Alles andere ist Wunschdenken, ein Versuch der FED die Welt nochmals aufs Glatteis im Sommer zu führen mit unvorstellbaren Folgen, an die niemand denkt. Vielleicht ist es der Plan der Drahtzeiher hinter der FED und hinter Ben, denn dieser muß selbst wissen, daß er in dieser engen Gasse kaum wird umdrehen können.
Nichts was passiert ist zufällig und ohne Grund, schon gar nicht im Umfeld von G&S und den Finanzmammuts. Sie werden uns schon bals zeigen was sie im Schilde führen mit unschuldigen väterlichen Augen, wie sie nunmal ein Bernanke hat und Blankfein ebenso.
Vielleicht muss man die Welt wirklich zu Grunde richten um überleben zu können. Wir Menschen sind das täglich gewöhnt.
Wir richten uns zugrunde um weiterleben zu können (irgendwie) Weil wir müssen....wir müssen aber NICHT im ATX traden - bis uns wieder die Socken brennen. Wir können diesmal eine Weile auch zusehen, wenn es brennt und wo, denn Rauch steigt schon genug auf. Wer verdient hat im ATX, ob jung oder alt, steigt aus um die Gewinne nicht aufs Spiel zu setzen. Zusteigen kann man immer, Aussteigen jedoch ist manchen nicht mehr möglich, da die Hoffnung zuletzt stirbt, das hat der trader im ATX bei der letzten Krise gelernt.
Deswegen traue ich mir gelinde zu sagen, daß wir im ATX die Hochs in 2011 bereits gesehen haben und das geschilderte Sentiment der trader in full swing ist wie man jetzt gerade auch bei der ERSTEN sieht, die bald bei 33,xx steht, dem sicheren Preis, bei dem einer der erfahrensten Banker und Trader der Republik, (Treichl) schon länger mitleidig lächelnd mit "Mörder-Gewinn" steuerfrei verkauft hat und damit veilleicht denselben Prozess eingeleitet hat, nur umgekehrt, als er seine Position damals "eiskalt" am TIEF geordert hatte.

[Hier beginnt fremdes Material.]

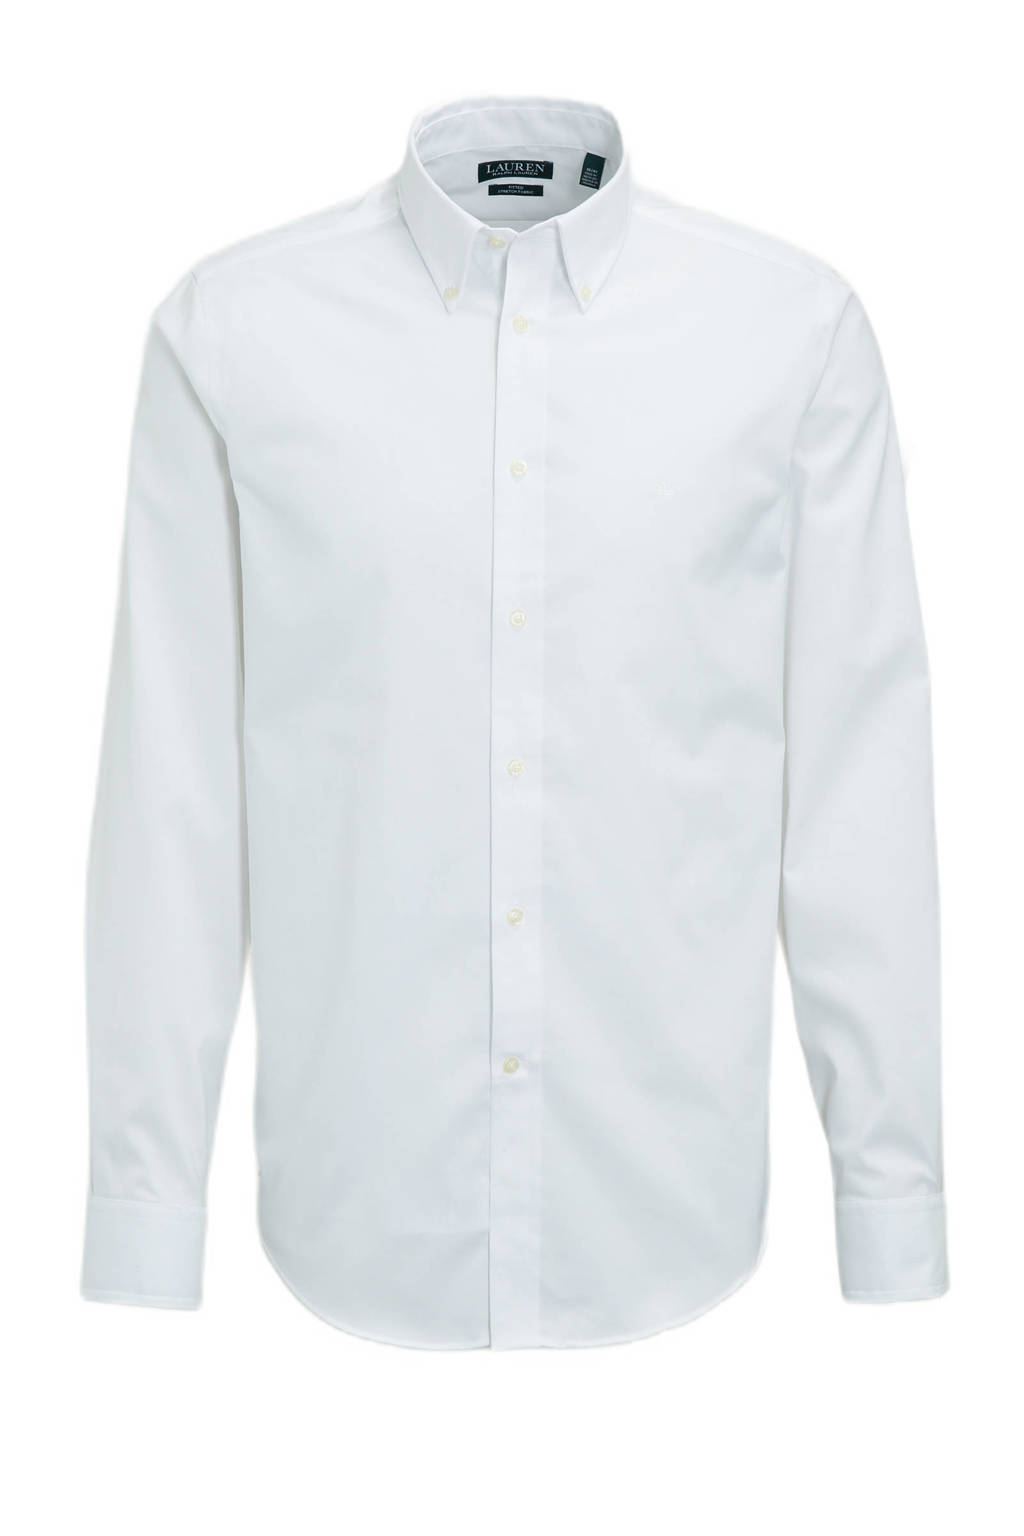 POLO Ralph Lauren slim fit overhemd wit, Wit

Ich würde mir es sehr sehr gut überlegen eine österreichische Aktie zu kaufen (außer VAStahl und OMV). Am Börsenplatz der Meindl und Constantia Produkte fühle ich mich nicht besonders wohl. Dazu kommt, wenn die Wr Börse den Unterschied zwischen Zertifikat und Aktie nicht kennt, es offensichtlich noch immer an grundsätzlichen Grundlagen fehlt.
Zudem sind die meisten Unternehmen zu stark mit der Gunst politischer Parteien verstrickt (EVN, Flughafen) oder es gibt im Ausland einfach bessere Firmen derselben Branche (Banken, ganz vorne RI), die dem Aktiönär auch so etwas wie eine Dividende bieten.
Vielleicht denken andere ähnlich, die neue Steuer ist mir dabei völlig egal.
mfg
Ich halte mich auch eher zurück, man hat ja nur begrenztes Kapital, es gibt sicher wieder günstigere Einstiegskurse, bis dahin will ich die "Perlen" definieren, die ich dann in mein Depot nehmen will.